The result was something like Select xxx from #temp1 Inner join #temp2 ... etc...
Comparing with the first case (with subqueries), which took 15 minutes, the second one (with temporary tables) took 35 seconds.
I don't understand why the server is so much less efficient when it uses subqueries.
My question to you, experts, is: Is the usage of temporary tables a better way to optimise queries?
As always, it depends. Did you factor in the time it took to populate the temp tables? I assume the temp tables only contained the data you were looking for and not the entire table. What was the execution plan on the query when using the tables? Temp tables write to tempdb, so there would be alot of writing to tempdb to create them. So, without any execution plan or ddl/sample data, it depends. A 15 minute query sounds inefficient to me and probably needs an index or 2.
Thank you mike01
But I don't understand what do you mean:"temp tables only contain the data you were looking for".
The queries were performed against the same database but the first one was with subqueries and in the second case I first created temporary tables (#temp1, #temp2...), populated them with the same queries as the subqueries and the select was joining on the temp tables, not on subqueries.
That's the scenario: Join on subqueries vs 1.create temp tables + 2.populate them with the same data as the subqueries + 3.join these temp tables
I stress again: the same data as the subqueries (I just copied the subquery and used it for the Insert into #temp1 Select [subquery here]
Thank you for answering.
so your temp tables had the same number of rows as the main tables?
Instead of :Select * From (Select 1.....) Inner Join (Select 2...) On ...
Create Table #temp1...
Insert Into #temp1 [Select1...]
Create Table #temp2
Insert Into #temp2 [Select2...]
And Then: Select * From #temp1 Inner Join #temp2 ...
i.e. I prepare the subqueries into temp tables and then I make the main query. And it's a lot faster, even if that means it must create tables, etc...
the subquery is returning a subset of the whole table (I'm assuming). Does select count(1) from #Temp1 return the same number of records as select count(1) from table in subselect without any criteria? Also, you haven't addressed the execution plan. Have you looked at that?

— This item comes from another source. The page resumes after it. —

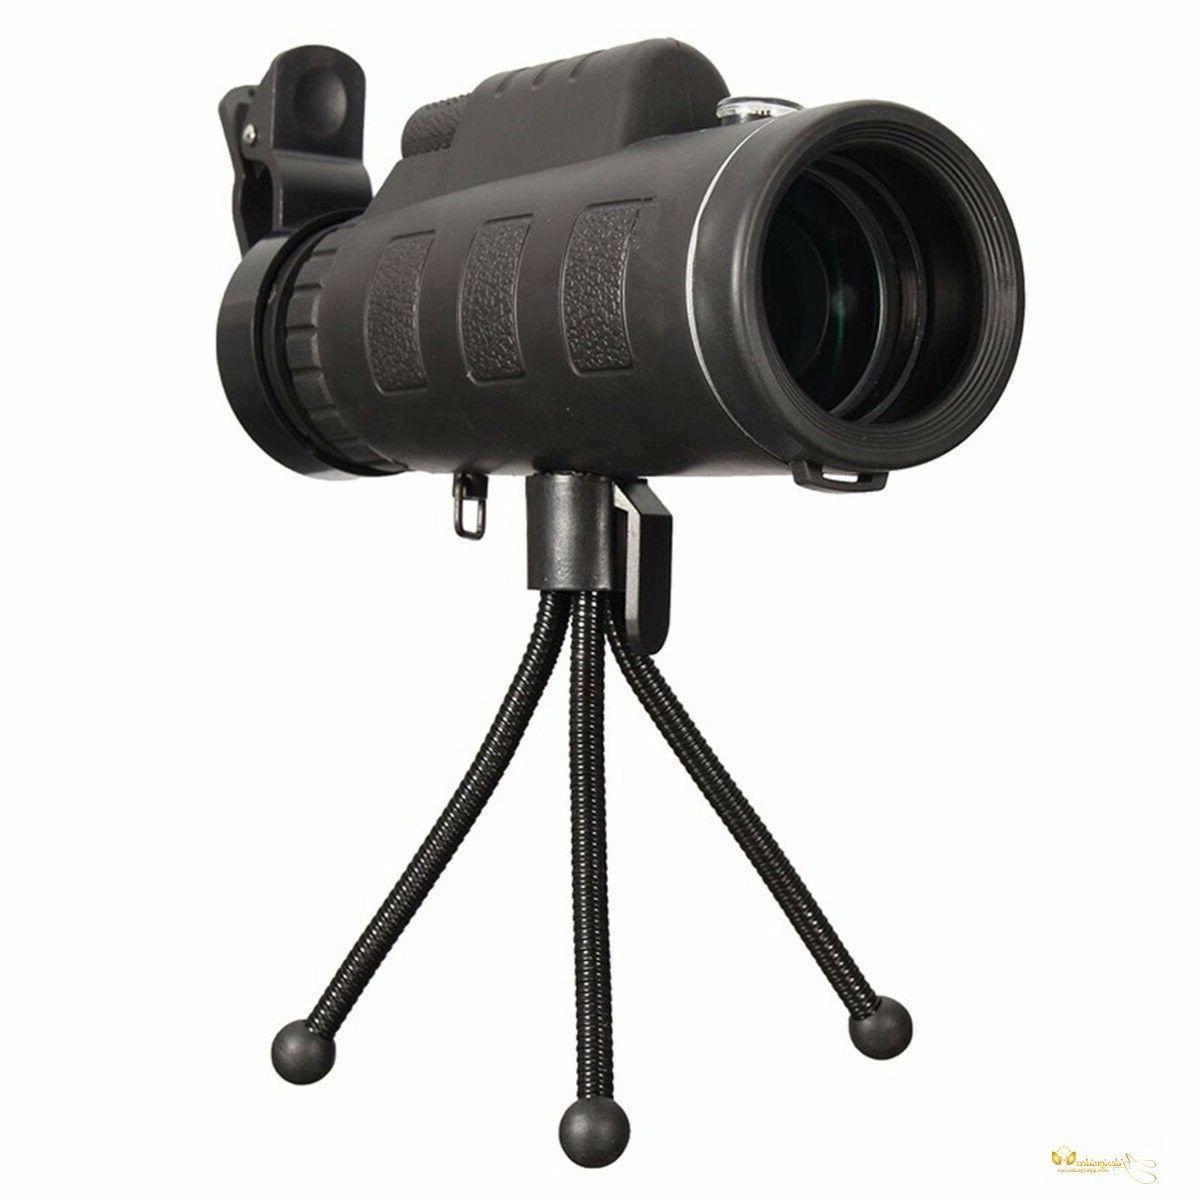 Monocular Dual Focus Telescope Celestron Tripod Handheld Nig

Compare the query plans of both. It's likely that the first query -- the one with subqueries -- had wrong row estimates, causing SQL to use a LOOP join rather than a HASH join. That's about all I can think of that would cause that big a difference in time.
Thank you Scott, mike,
It baffles me that huge difference between the two solutions. It might be indeed a wrong row estimate leading to wrong decisions. The biggest table involved has in excess of 5 million records and the result is around 10,000 records.
I am interested in an explication to use the best approach in the future (even if the temp table wouldn't have been my first guess).
The main problem is using temp tables doesn't allow me to use Sql functions, only stored procedures that can create those tables.
Thank you again
(I didn't look to the execution plan since I'm not very good at interpreting it .... but I'll try)
Another consideration is the statistics on the source tables, they could be out of date, or the cardinality (# of rows) is affecting the row estimates, as @ScottPletcher mentioned. Putting the data into temp tables not only reduces the cardinality but generates fresh statistics.
FYI table variables do not create statistics, and unless you're on SQL Server 2017 or higher, they will always mis-estimate row counts (might even require SQL 2019) to the query optimizer.
It is also possible that the subqueries are modified by SQL and the filtering is moved to a later point in the execution plan. Breaking each subquery into a separate temp table therefore reduces the number of rows being joined.
The answer to the OP's question:
Is a qualified no - it may be better for that query but not better for a different query.
You could force SQL to not use loop joins: if the reasons for bad performance are consistent, that might clear up the problem.
SELECT ... FROM dbo.main_table INNER JOIN (...) AS subquery1 INNER JOIN (...) AS sq2 ...
OPTION ( HASH MERGE JOIN )
Thank you Jeff for the answer!
Scott, I will definitely try that syntax, thank you.